Factors Associated with Successful Implementation of Test, Treat and Track strategy for Malaria by Health Workers in Public and Private Health Facilities in four Rural Districts of N. Uganda
Abstract:
Introduction: World Health
Organization (WHO) in 2010 recommended the malaria Test, Treat and Track (T3) policy
that emphasized diagnostic confirmation of all suspected malaria cases before treatment
and tracking all of them. This study assessed key influencing factor for successful
implementation of T3 strategy for malaria by health workers in public and private
health facilities in four districts in Northern Uganda.
Methods and materials: Across
sectional descriptive study was conducted in 115 public and 42 private health facilities
involving 489 health workers,63 community health workers (CHWs) and seven district
officials in Apac, Dokolo, Gulu and Nwoya districts. Both quantitative and qualitative
data collection methods were triangulated.
Results: Over 85% of the health
facilities had not experienced stock out of antimalarial drugs and malaria Rapid
Diagnostic Tests (mRDTs) within 7 days of the study. And 97%, 84% and 54% of the
health workers in public, Private Not for Profit (PNFP), Private for Profit (PFP)

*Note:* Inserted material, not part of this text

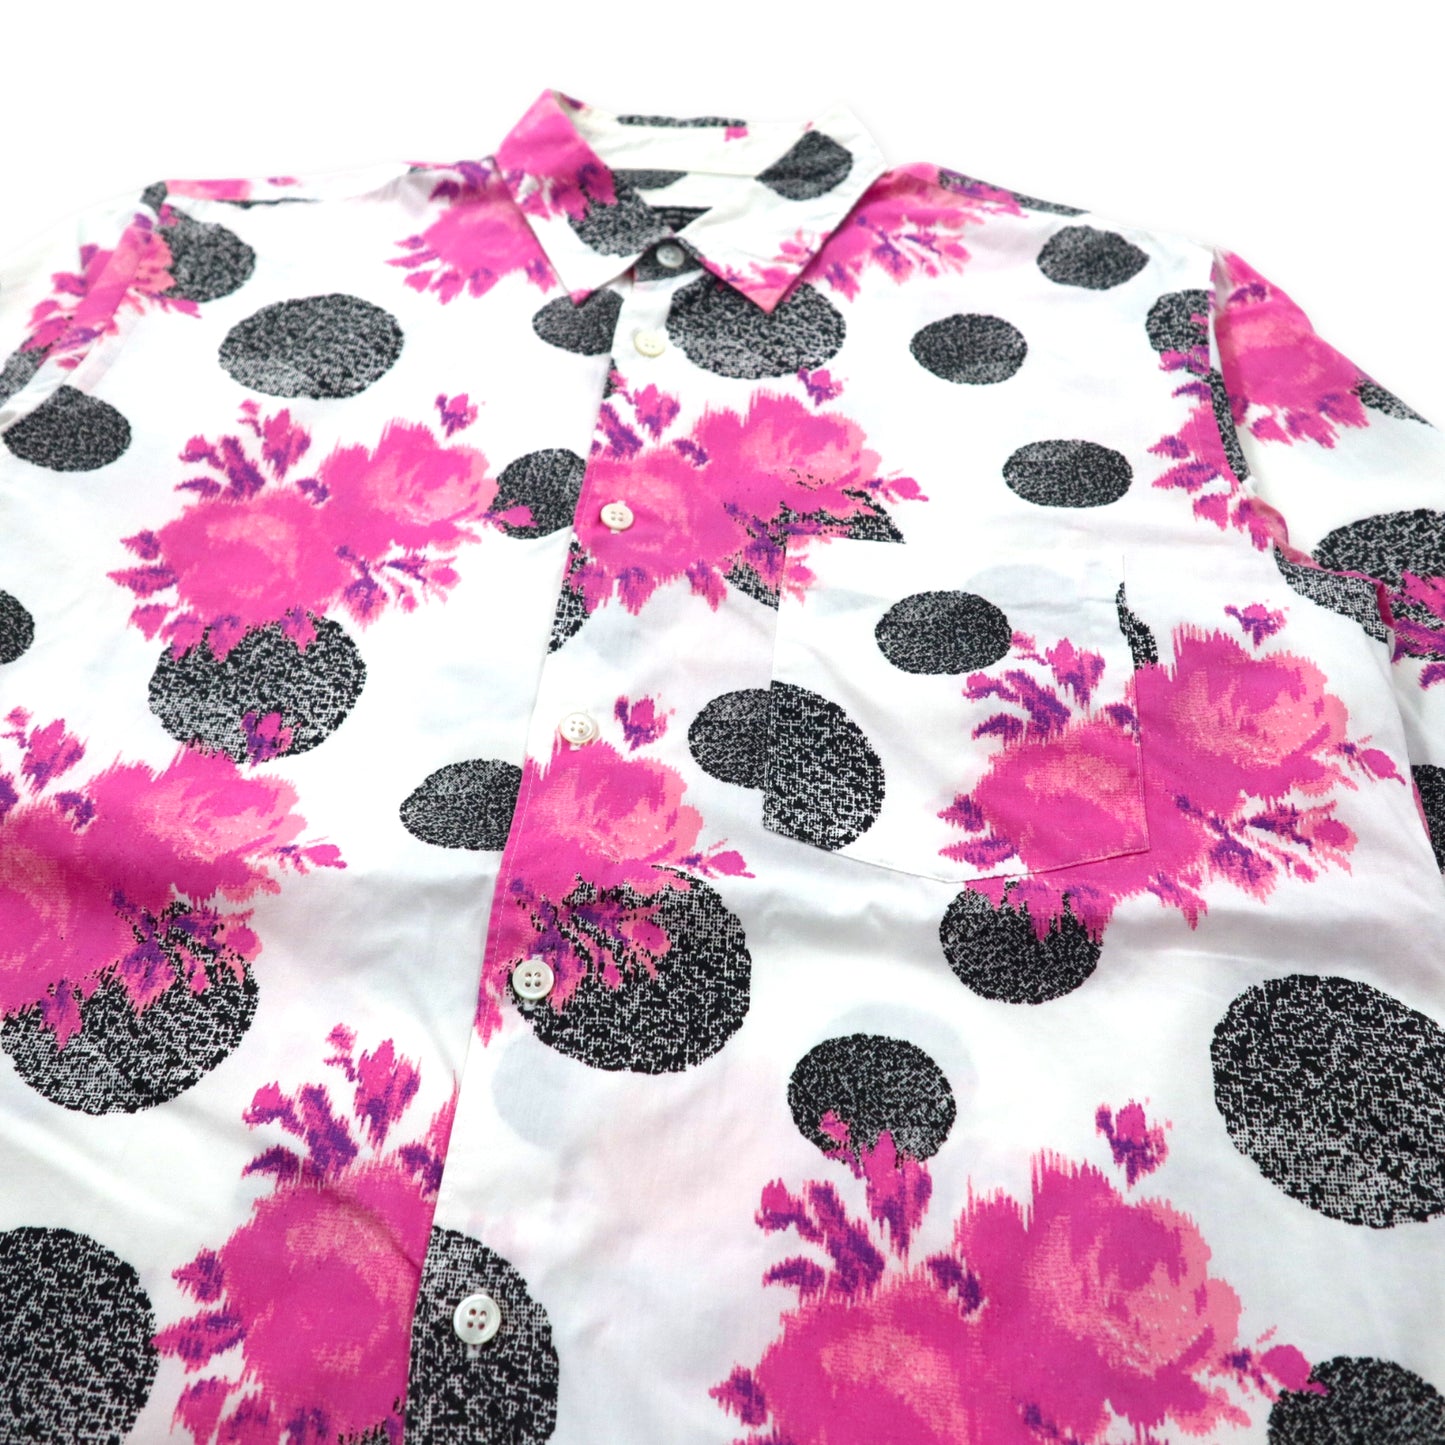 COMME des GARCONS HOMME PATTERNED Dress Shirt S White Cotton PJ-B053 Japan  MADE

health facilities respectively were knowledgeable and competently practicing the
T3 policy. The knowledge among health workers in PFP on T3 policy was significantly
lower than that of their counterparts in the public facilities (P < 0.001). Each
health facility in the study had at least one staff trained in integrated Malaria
Management (IMM) that includes parasite based Test, Treat and Track of malaria cases
(T3).
Conclusion: The successful
implementation of T3 strategy in public health facilities in the four districts
was due to availability of a number of enabling factors and few constraints.